Learning About Expected Categorical Relations (Chi-Squared Tests) in R by Way of Arms Races and War

: An Eritrean soldier stands in front of a destroyed T-55A tank in 1999. This war starts in 1998 but the mutual military build-up for it arguably started in 1996. (Broń Pancerna/Flickr)

This is a post I’m writing just to spam material to my blog, and also to pad material I need to prepare for my IRIII students in their quantitative methods sequence. It’s a challenge to teach them stuff that is super basic, but has a real-world application, and in the limited time I have with them. The class had historically been built toward just getting them to do lm() in R (or regress in Stata) and to be happy if they can do that. However, there’s been some shuffling amid hour cuts that incidentally gives me more time to teach them more stuff. But, again, it has to be simple.

Enter the arms race and war debate. I cut my teeth on this debate in graduate school and still like to teach around the basics of this stuff when I can. I still think Lewis Fry Richardson’s linear theory of nations gets at the core of how we should conceptualize the arms race, acknowledging it’s a glorified port of his training in mathematics to the realm of international relations.¹ Admittedly, it is a bit of a dated topic. Perhaps it’s fair to note that the “arms race” of a century or two ago looks nothing like what an arms race would resemble now. It won’t be simple expenditures. It won’t be manpower. It won’t even be boats. But the substance of this debate maps nicely to two thing I want to accomplish in an IR curriculum at the bachelor’s level. First, it highlights how a lot of realpolitik conventional wisdom stretches so thin it strains to cover anything in detail. Second, the empirical application of this debate is all chi-squared tests. There are definitely more advanced ways of approaching this, especially with what this means in the 21st century. But, you can learn about the chi-squared test with these things I’d have you read anyway if I could.
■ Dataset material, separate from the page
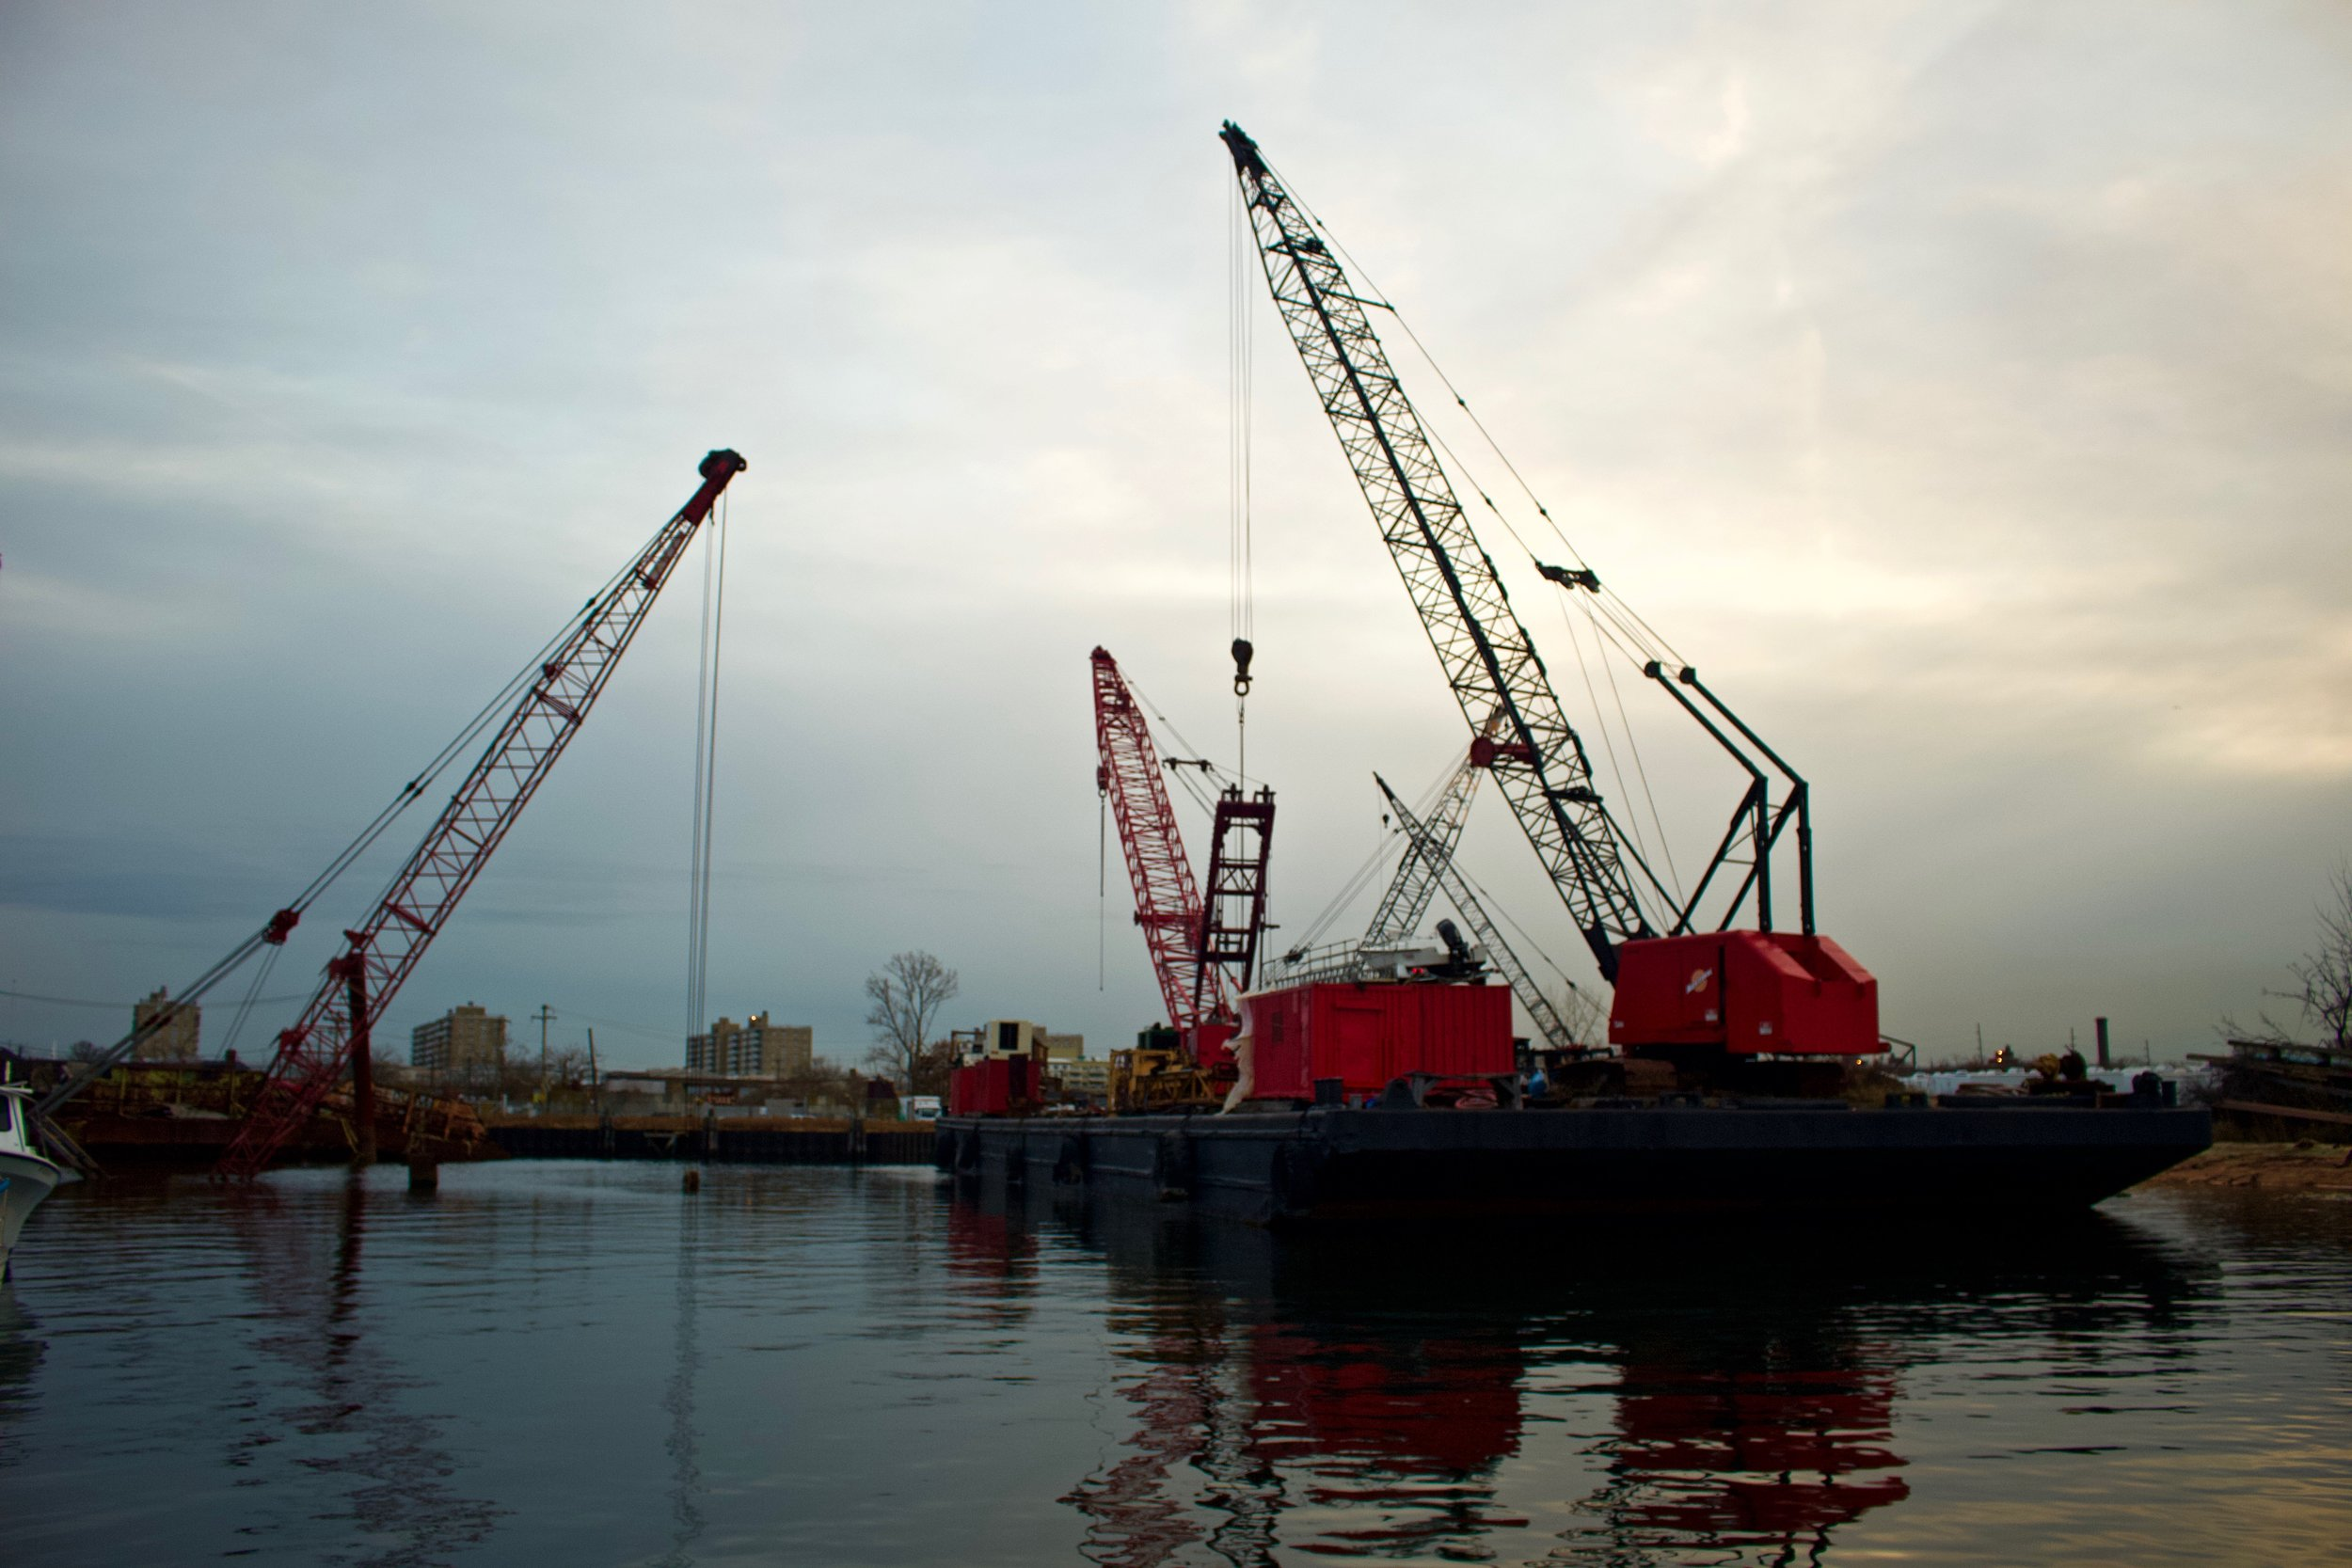 Sunken Cranes @ Marina 59 (Rockaway Beach)

Here are the R packages I’ll be using today. Do note that {stevedata} has a forthcoming data set I’ll be using to offer another means to assess this relationship.

library(tidyverse)   # for my basic workflow
library(stevedata)   # forthcoming v. 1.7.0, for `mmb_war` data
library(stevethemes) # for themes
library(kableExtra)  # for tables

theme_set(theme_steve()) # setting a default theme

Here’s a table of contents.

The Debate: Para Bellum and the “Steps to War”
- The Empirical Debate Between Wallace (1979) and His Critics
The Chi-Squared Test
- A Re-Analysis Using Newer Data
Conclusion

Let’s get started.

The Debate: Para Bellum and the “Steps to War”

Si vis pacem, para bellum (if you want peace, prepare for war)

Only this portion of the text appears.